Una nube di polvere segue l’automobile per tutto il villaggio fino a quando non raggiungono il sentiero che porta all’abitazione di Jalaluddin. “Ricordatelo bene”, dice il libraio a Rasul. “Quel che è successo non si deve sapere in giro, non è necessario precipitare nella vergogna l’intera famiglia.”
Vicino alla bottega del villaggio sull’angolo, all’inizio del sentiero, c’è un gruppo di uomini, tra cui il padre di Jalaluddin. Nel vederli, l’uomo sorride, stringe la mano di Sultan e lo abbraccia. “Vieni dentro per un tè”, lo invita con grande cordialità, mostrando chiaramente di non sapere nulla del furto delle cartoline. Anche gli altri scamberebbero volentieri quattro chiacchiere con il libraio, quello che ce l’ha fatta a diventare qualcuno.
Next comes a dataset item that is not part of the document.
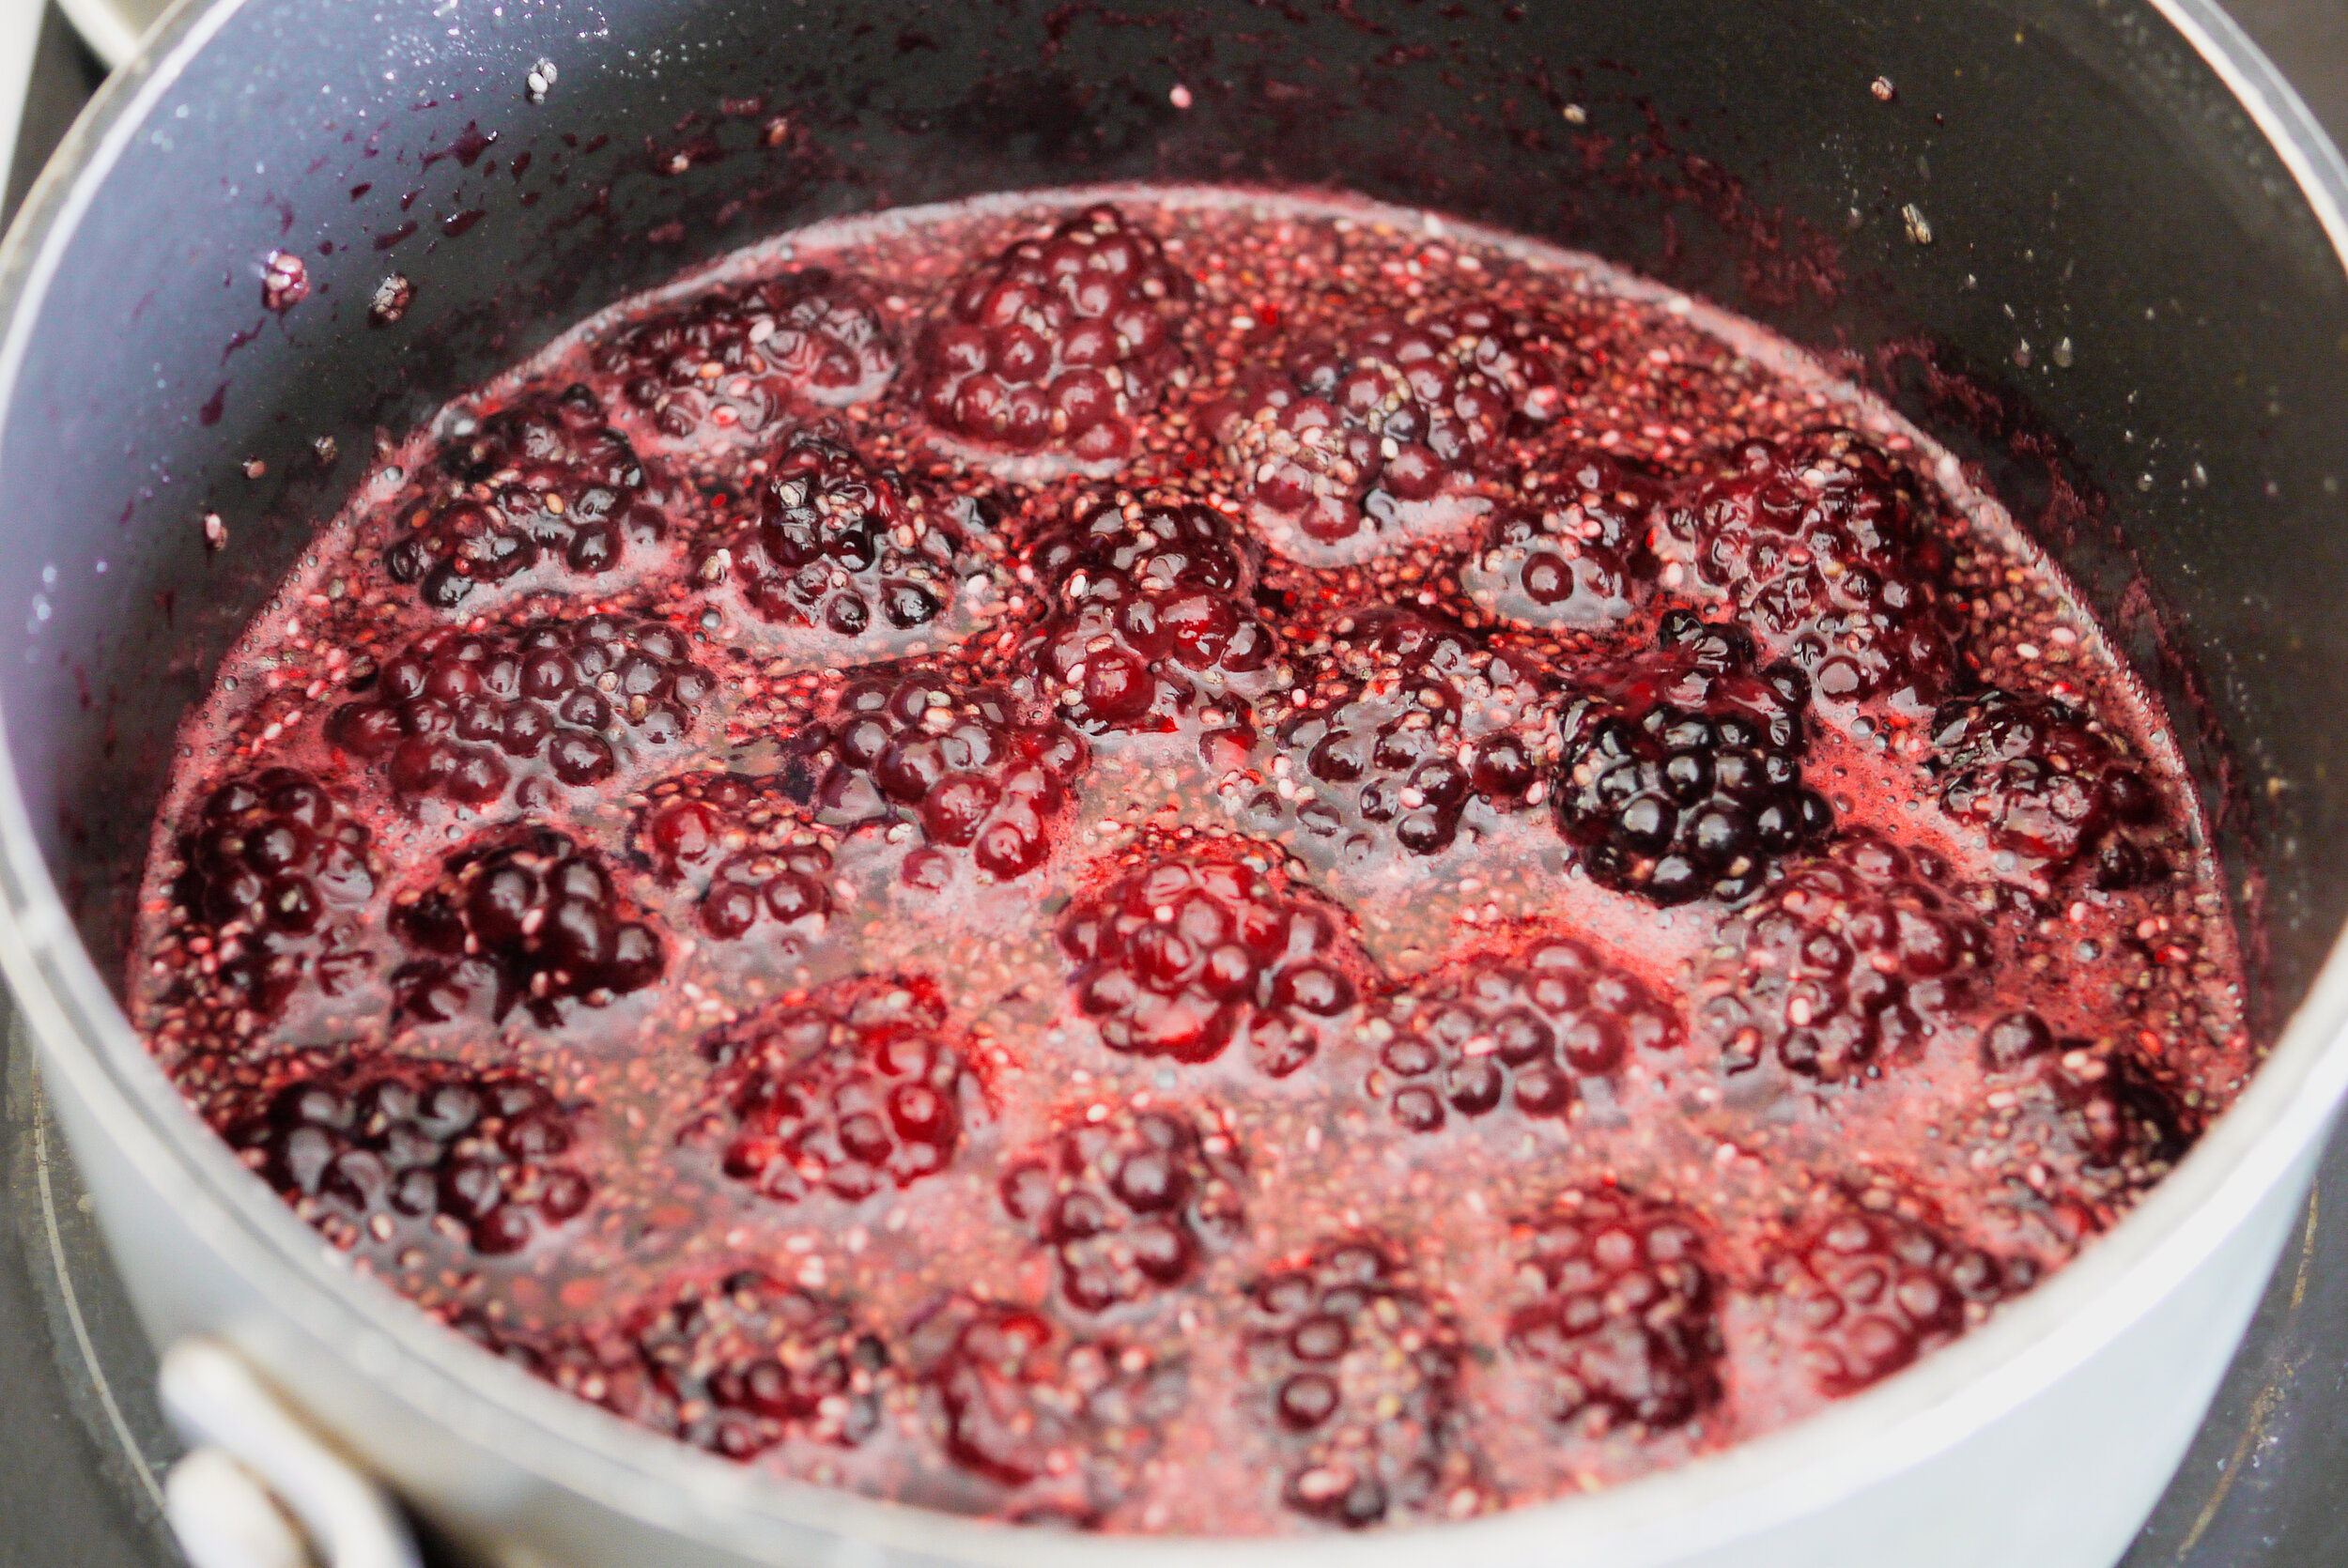 Blackberry jam by kam sokhi allergy chef

“Vorremmo solo parlare con tuo figlio”, gli spiega Sultan. “Ti dispiacerebbe chiamarcelo?”
Il vecchio se ne va. Torna seguito dal figlio a due passi di distanza. Jalaluddin alza verso il libraio uno sguardo tremante.
Lui dice: “Abbiamo bisogno di te al negozio. Che ne dici di venire con noi?” L’altro annuisce.
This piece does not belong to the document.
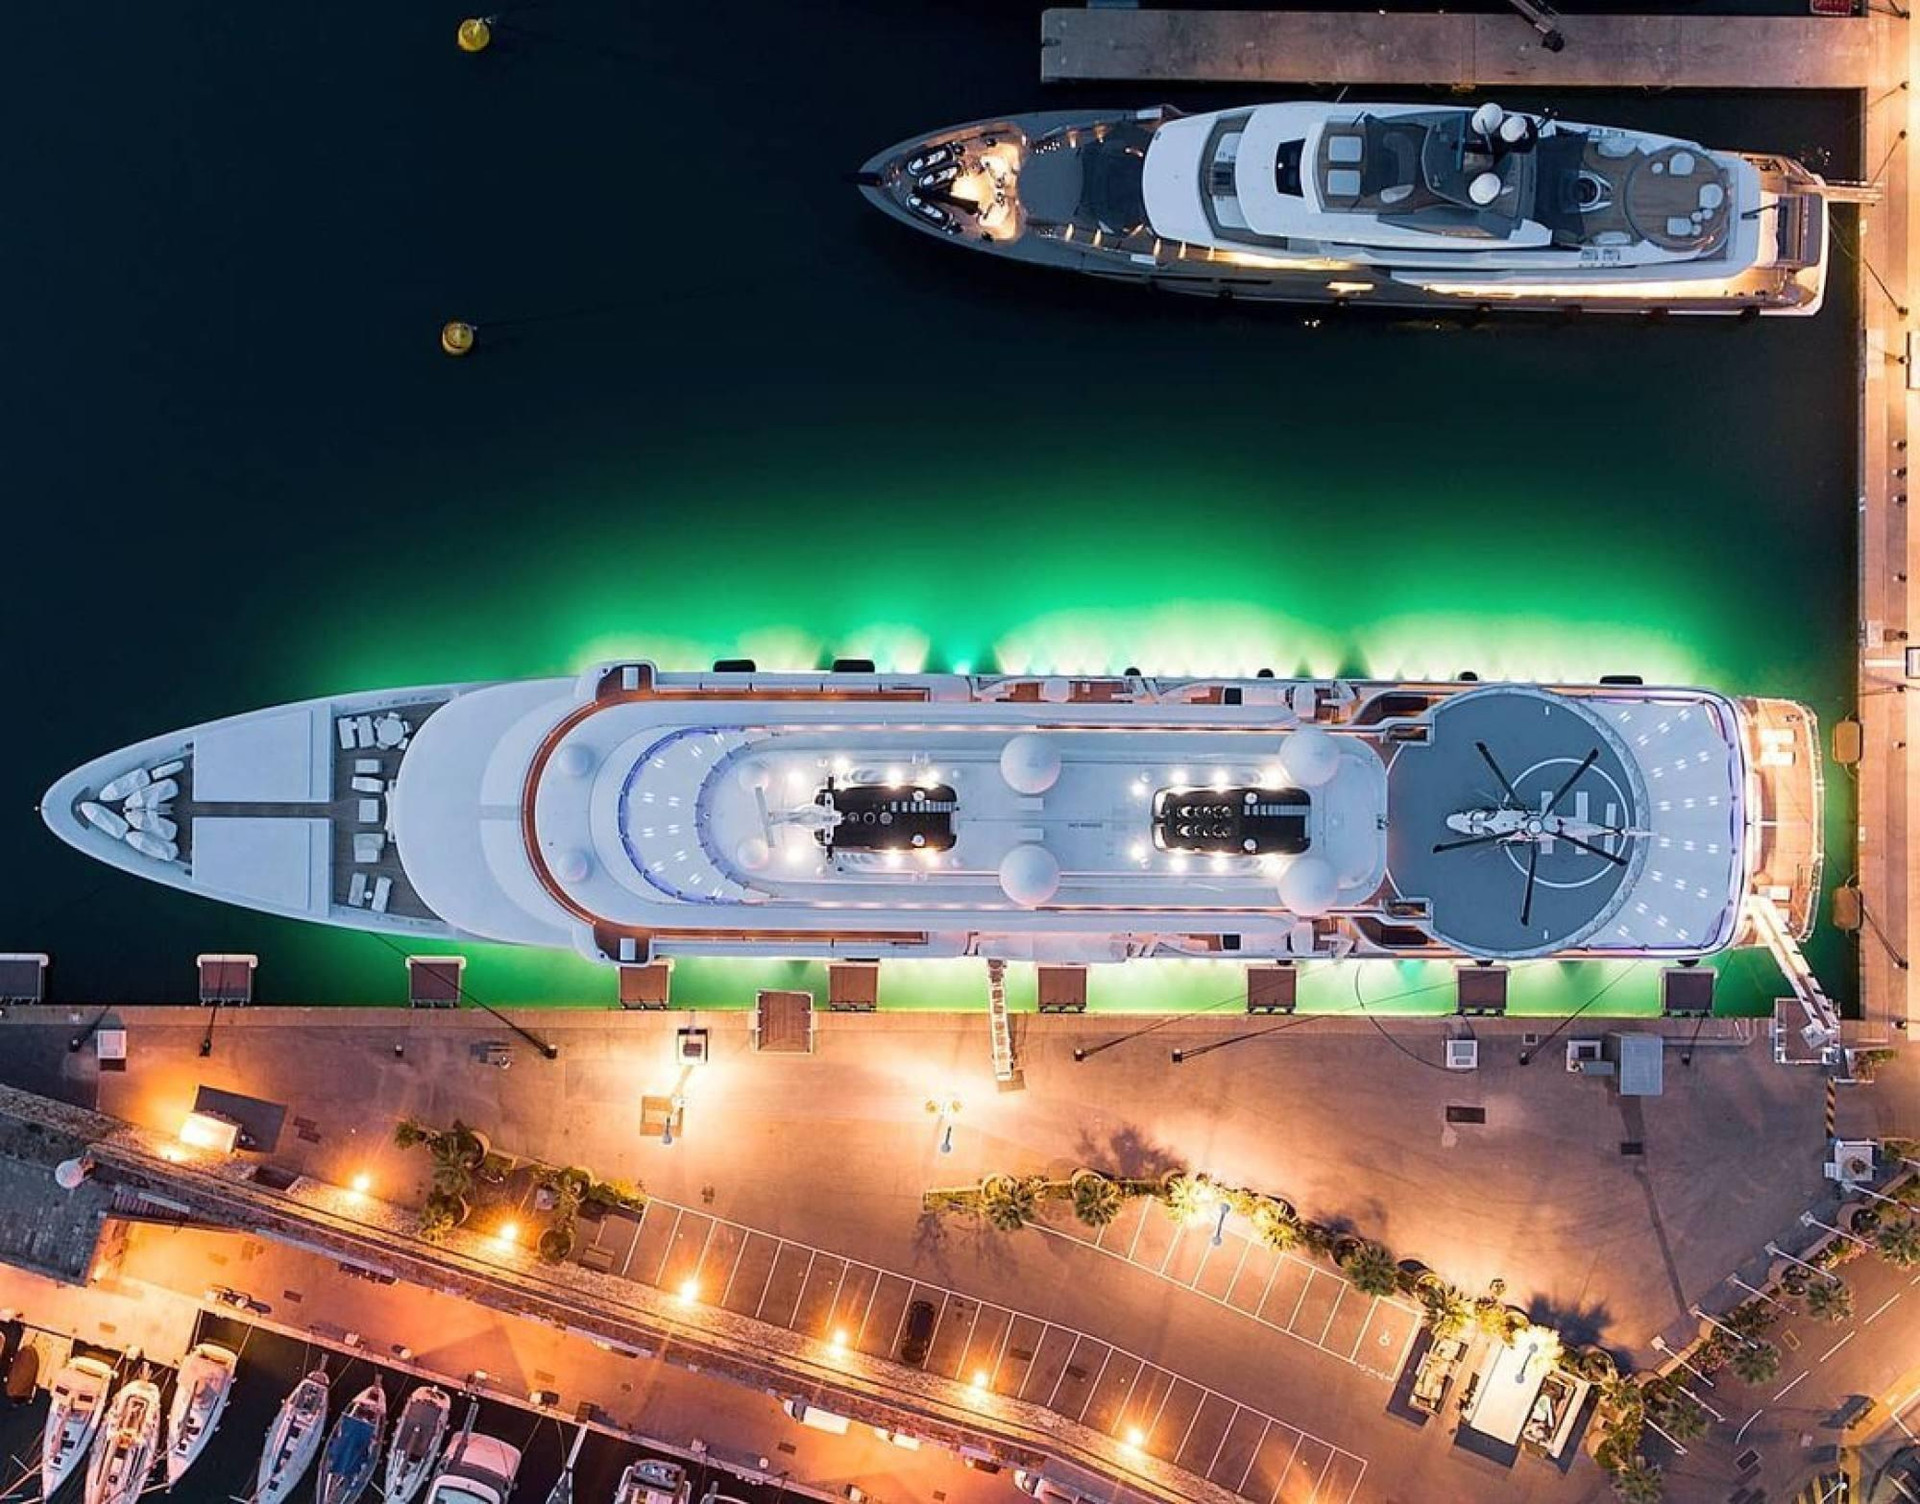 比卡塔爾世界盃體育場還大的超級遊艇 - 6

“Allora il tè ve lo offrirò volentieri la prossima volta”, grida il padre ai tre che si allontanano.
“Tu sai di cosa si tratta”, gli dice secco Sultan, seduto insieme a lui sul sedile posteriore, mentre Rasul si dirige fuori dal villaggio. Stanno andando dal fratello di Wakil, Mirdzjan, che fa il poliziotto.
“Volevo solo guardarle, le avrei riportate, volevo solo mostrarle ai miei bambini. Sono così belle.”
Il falegname siede ricurvo su se stesso, con le spalle afflosciate, come se cercasse di occupare il minor spazio possibile. Tiene le mani giunte strette tra le gambe. Di tanto in tanto si conficca le unghie nelle nocche. Parlando lancia brevi occhiate nervose in direzione del libraio; ricorda un pulcino impaurito e arruffato. Sultan se ne sta comodamente seduto con aria sicura accanto a lui sul sedile posteriore e lo interroga con un tono di grande tranquillità.
“Devo sapere quante cartoline ti sei portato via.”
“Ho preso solamente quelle che avete visto, perché...”
“Non ti credo.”
“È vero!”
“Se non ammetti di averne prese di più, ti denuncio alla polizia.”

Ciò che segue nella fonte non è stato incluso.